Notre consœur Caroline Dabas, présidente du Syndicat des structures et établissements vétérinaires indépendants de France, nos confrères Éric Waysbort, président de l’Association de protection vétérinaire, Laurent Faget, président du syndicat départemental des vétérinaires d’exercice libéral de Gironde, et Laurent Perrin, président du Syndicat national des vétérinaires d’exercice libéral, ont cosigné un communiqué commun le 1er février dernier interpellant le Conseil national de l’Ordre sur le droit de retrait. Leur demande fait suite à une situation vécue par une consœur après un refus d’aller au chevet d’une vache malade appartenant à un éleveur « indélicat » et non client un soir de garde.

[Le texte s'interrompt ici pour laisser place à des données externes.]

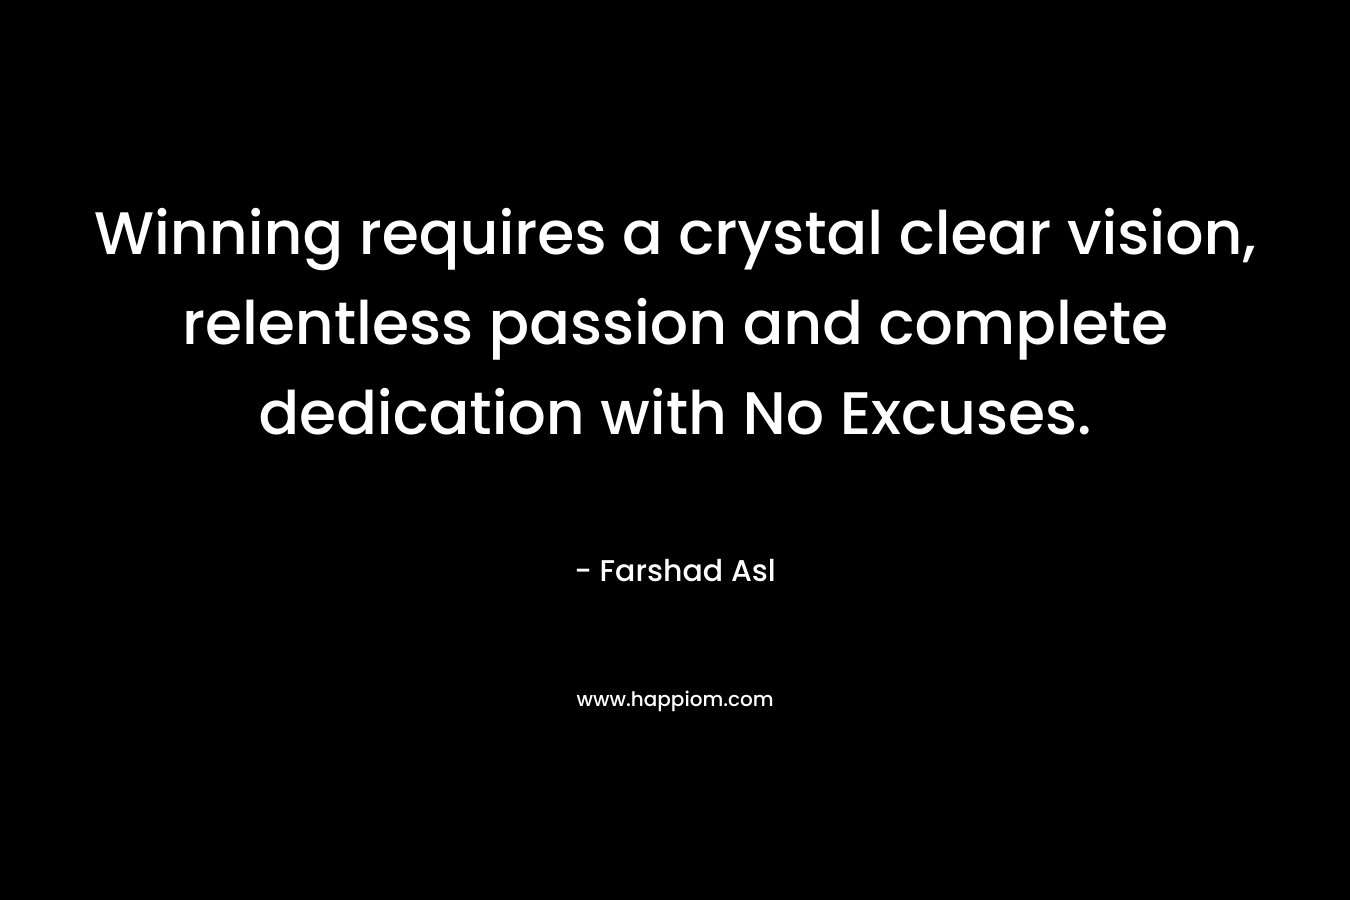 Winning requires a crystal clear vision, relentless passion and complete dedication with No Excuses.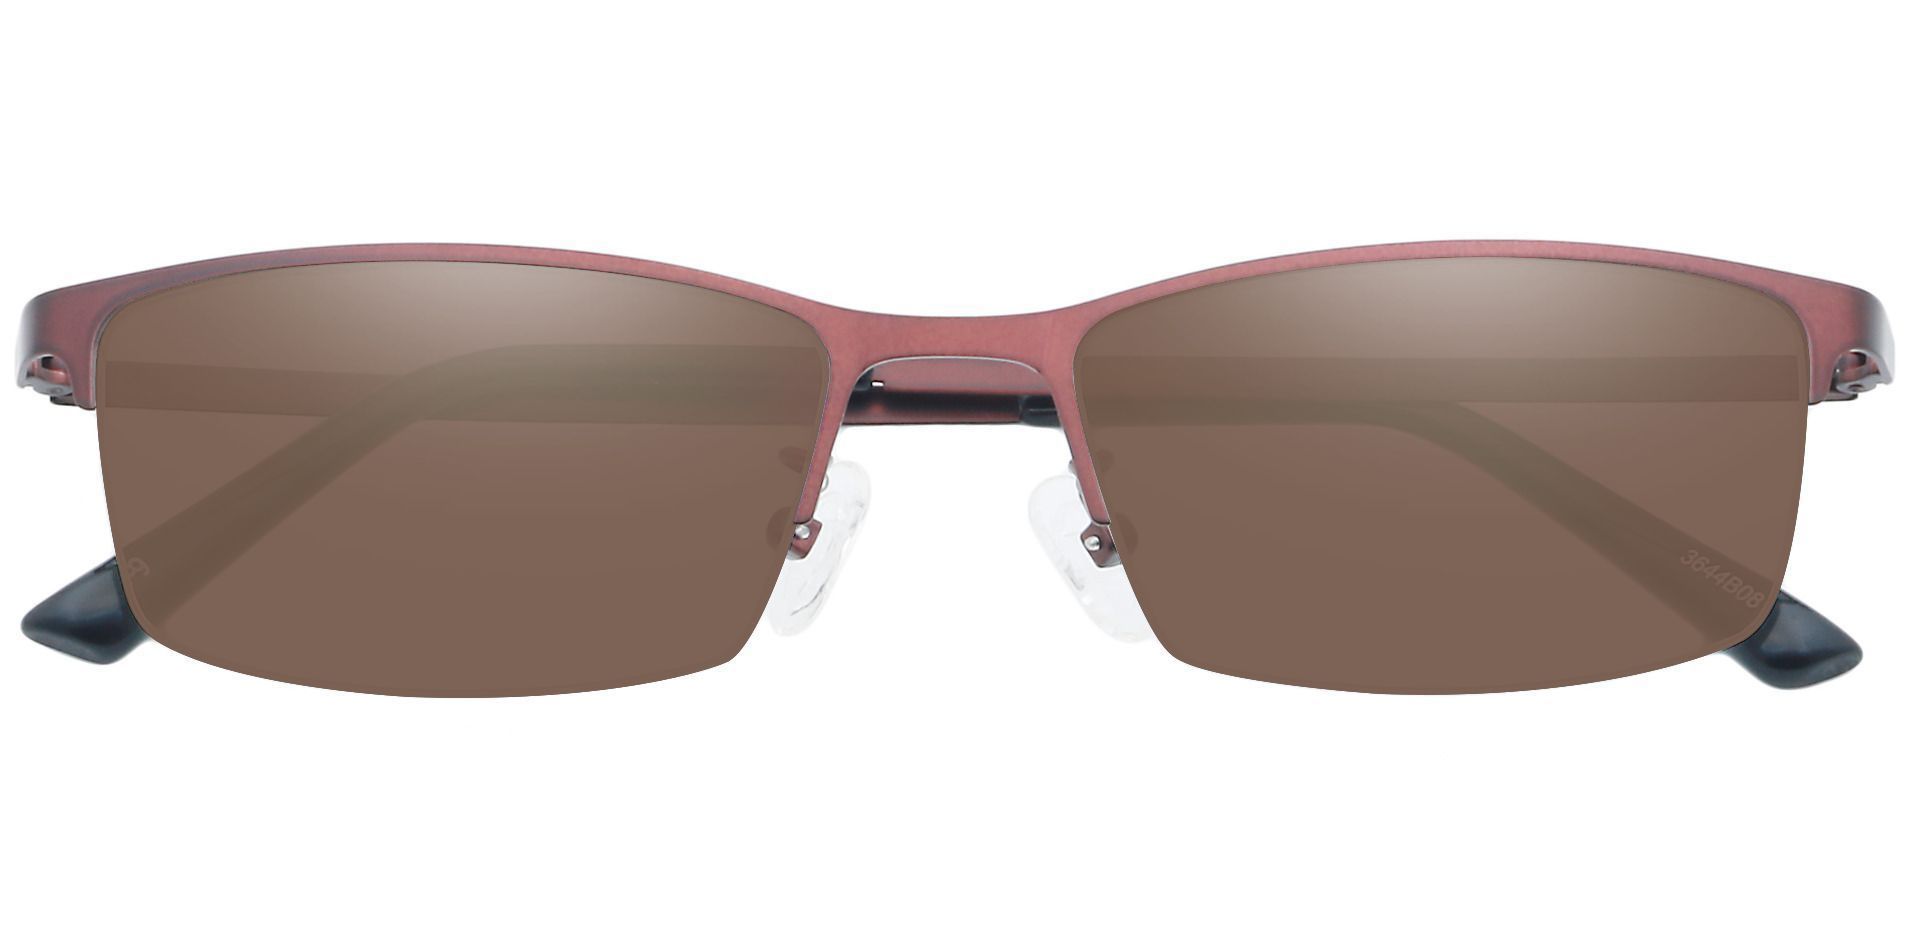 Parsley Rectangle Non-Rx Sunglasses -  Brown Frame With Brown Lenses

Elle est aujourd’hui accusée de maltraitance. « L’urgence et la dramatisation de cette affaire ont fait ressortir qu’il était urgent de réagir et d’interpeller les organisations professionnelles vétérinaires », témoigne Caroline Dabas, à l’initiative de ce communiqué. La question de fond soulevée est en effet celle du droit de retrait lorsqu’un vétérinaire voit son intégrité physique et/ou morale mise à mal lors d’une intervention qui a un caractère d’urgence (ou non).
Retour sur les faits
« Gironde : il contacte 17 vétérinaires sans succès, sa vache et son veau meurent sous ses yeux. Malgré 17 vétérinaires appelés ce samedi pour une césarienne urgente, un éleveur de Queyrac en Gironde a assisté à la mort de l’une de ses jeunes vaches en plein vêlage. Il porte plainte pour “acte de cruauté” contre un vétérinaire proche qui n’a pas souhaité se déplacer » : voici le type d’articles qui ont pu être publiés sur les sites de médias grand public, l’affaire a également été diffusée à la télévision.
L’emballement médiatique de la presse grand public ne prend pas en compte bien des éléments de cet événement dramatique. Plusieurs vétérinaires ont été sollicités par l’éleveur ce jour de garde pour intervenir lors d’une mise bas difficile. Notre consœur ciblée était déjà accaparée sur de multiples urgences ce même jour. En outre, un autre vétérinaire a proposé à l’éleveur de réaliser l’intervention si ce dernier lui amenait l’animal chez un autre éleveur, situé à mi-chemin. Malgré cette solution alternative, l’éleveur n’a pas retenu cette possibilité d’amener la vache dans un élevage qui était prêt à l’accueillir. Le jour de cette garde, « notre consœur a déposé une main courante car elle a subi les appels menaçants et réitérés de l’éleveur avec qui la clinique était déjà en procédure depuis quelques années. En effet, l’éleveur avait déjà proféré des menaces de mort envers la clinique », explique Laurent Faget. Cet éleveur est en procès avec les associés de la clinique depuis 2014, et une rupture de contrat de soins lui avait été signifiée de longue date.
La vache est décédée sous les yeux de l’éleveur. L’éleveur a porté plainte contre la jeune consoeur pour maltraitance envers l’animal.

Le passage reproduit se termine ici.